After three months lying on the couch, Nicole picked herself up and began making music in summer. She released “Pepper Shake” with Jamie Jones, an Ibiza day-party heater that doesn’t seem to reflect any sense of loss or despair at all, rather a big-bass care-free optimism.
Her latest release is a two-track EP with Alan T, a Miami-nightlife legend and an old friend of Moudaber’s. “Alan T is a very artistic, creative, funny guy,” Moudaber says. “He has inspired me since the day we crossed paths in Miami in early the 2000s. We vibe on the same things. We laugh at the same crazy things. He’s very special.”
For their first track, “The Volume,” the pair packaged their rage and frustration into an unapologetic techno pounder. “I have to say it was the longest project I ever worked on,” Nicole says. “I couldn’t focus as I used to be able to.” Alan T sent files of acapellas and Nicole “chopped them and sliced them and diced them” in Ableton Live. She describes her approach to programming as architecture, and feels that collaborations with artists as energising as Alan T truly expand her creative horizons.
Nicole’s particularly proud of the EP’s second track, “The Music Is Mine.” Her process usually starts and ends in Ableton. However, this time she mechanised Alan T’s vocals using Logic Pro. But the biggest change came with where she made the track. Normally Nicole spends her free time in airport lounges or on flights tinkering with production. But she found it ten times more difficult to produce music while static in her living room. But she worked through it, creating a track she wants to dance to with a person she adores, which makes it all the more rewarding.

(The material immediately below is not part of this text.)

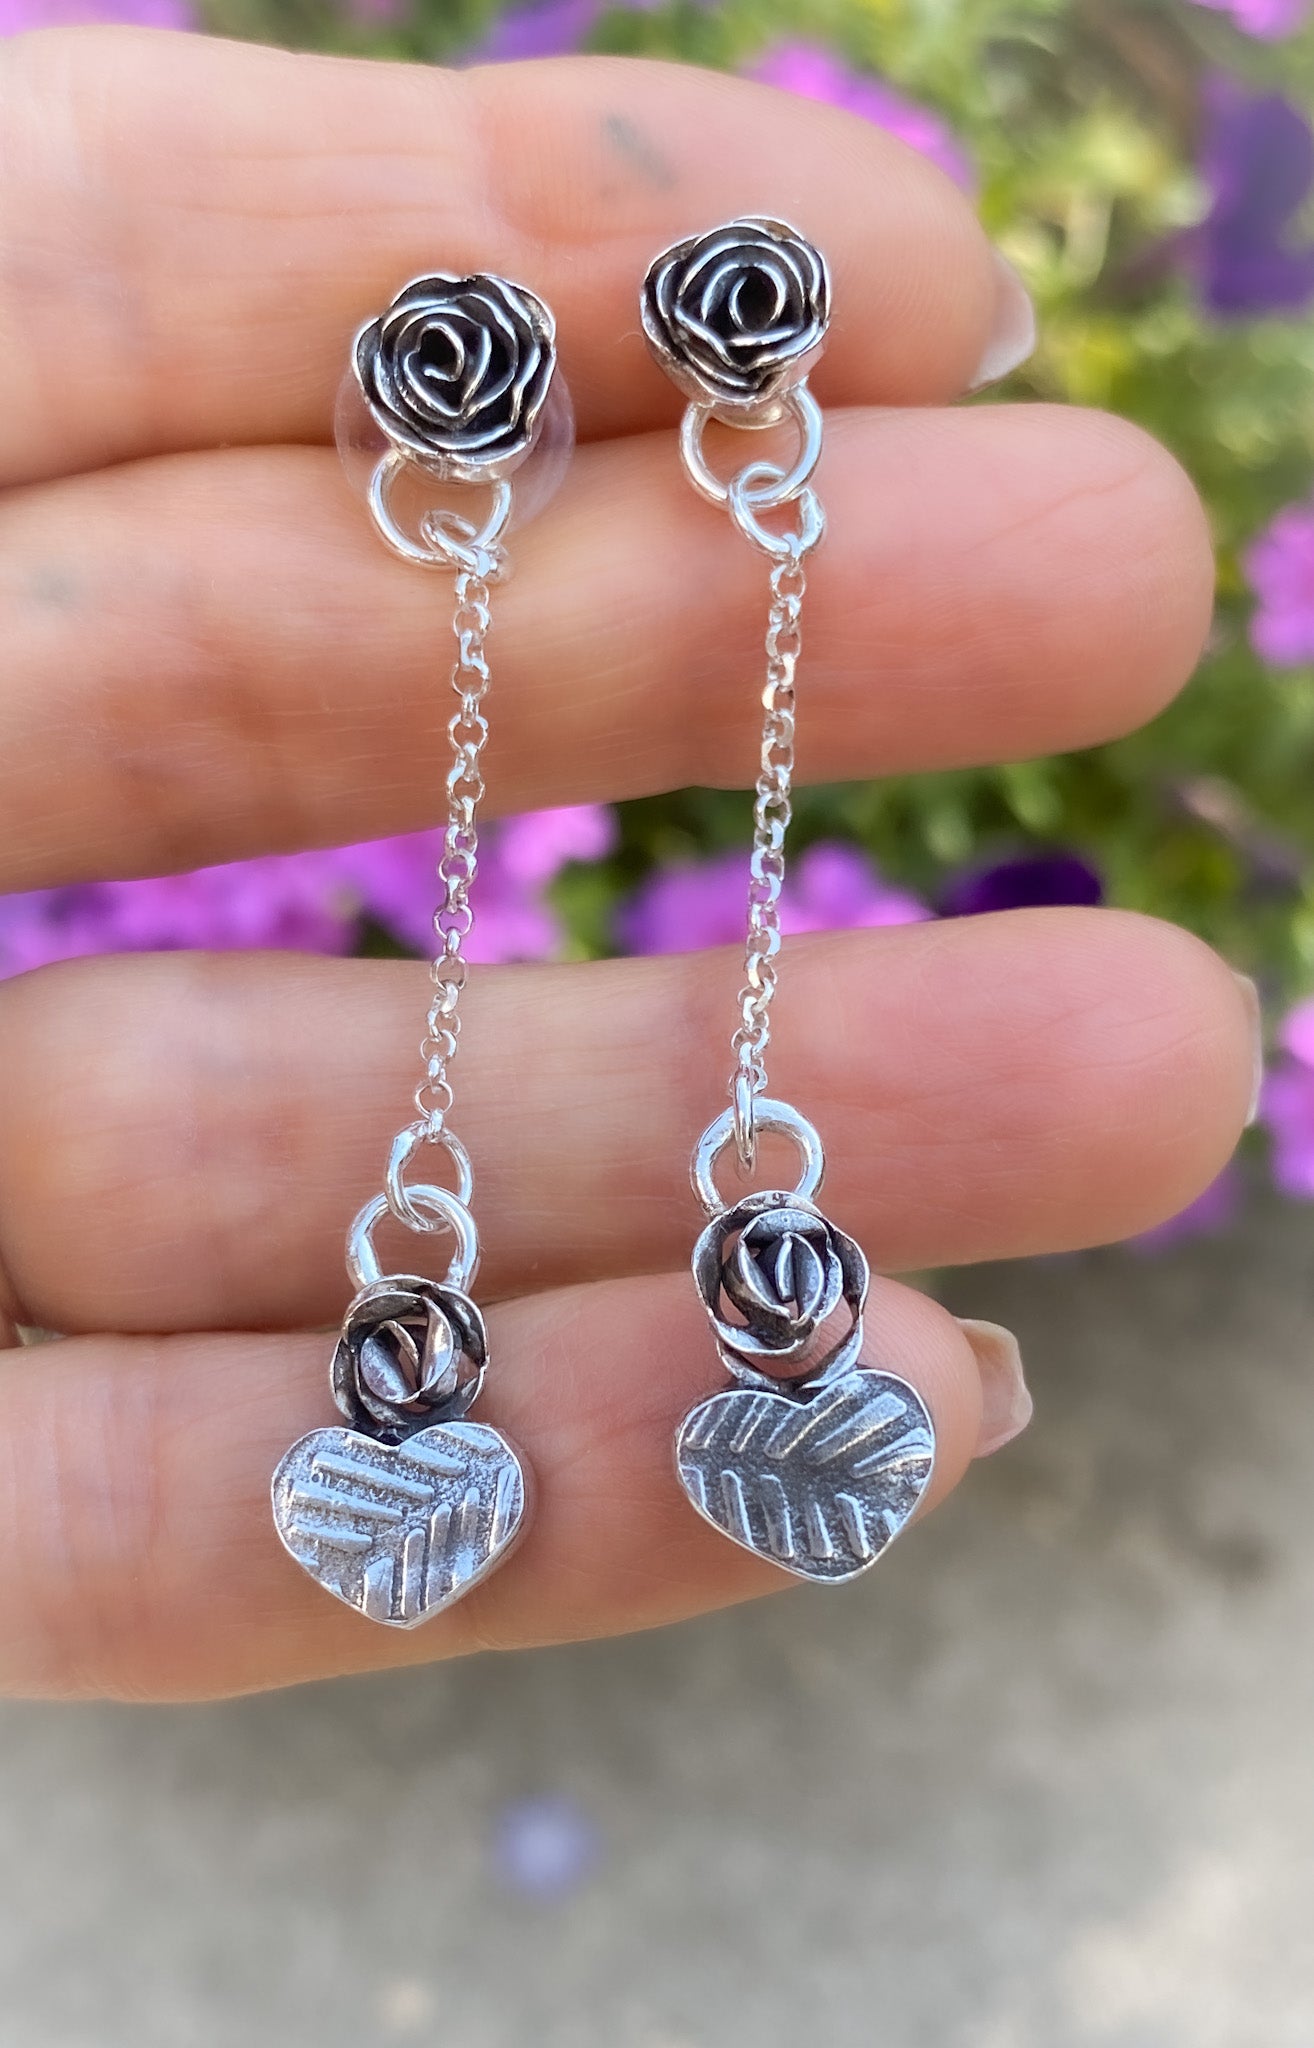 Roses and Hearts Earrings

Moudaber admits 2020 wasn’t all bad. She spent the end of the year in Lebanon, reconnecting with her home country and family in their olive grove in the north. “I got to rekindle my love affair for all the things I miss, after being away for so long.”
Last year her beloved Beirut went through trauma within trauma when a devastating explosion caused 207 deaths, 7,500 injuries, and 15 billion USD in property damage. 300,000 people were rendered homeless, and the city’s nightclubs were decimated. Nicole teamed up with Beatport to raising thousands of dollars in aid for the club community by live-streaming a two-part #togetherforbeirut 24 hour DJ marathon.
Now, she says, the club community is getting back on its feet. “They’re rebuilding. The resilience that we built throughout the years during the war — it’s in our DNA to just dust it off and carry on. Yes, the morale is down, but people want to stand up and move forward.”
It’s also in Moudaber’s DNA to use her power for good. In 2018 she launched a charity called ELEVEN to raise awareness and help prevent female genital mutilation, as well as support survivors. “I want to empower women and girls around the world,” Nicole says. “FGM is one of the harshest subjects I’ve ever delved into. This shit makes me boil. So we try to raise awareness, raise money, stop it happening.” She also works with Lower East Side Girls Club, a youth club in New York that helps young women facing adversity build bright futures. She tells me she’s sending a package of her own production equipment over to them next week.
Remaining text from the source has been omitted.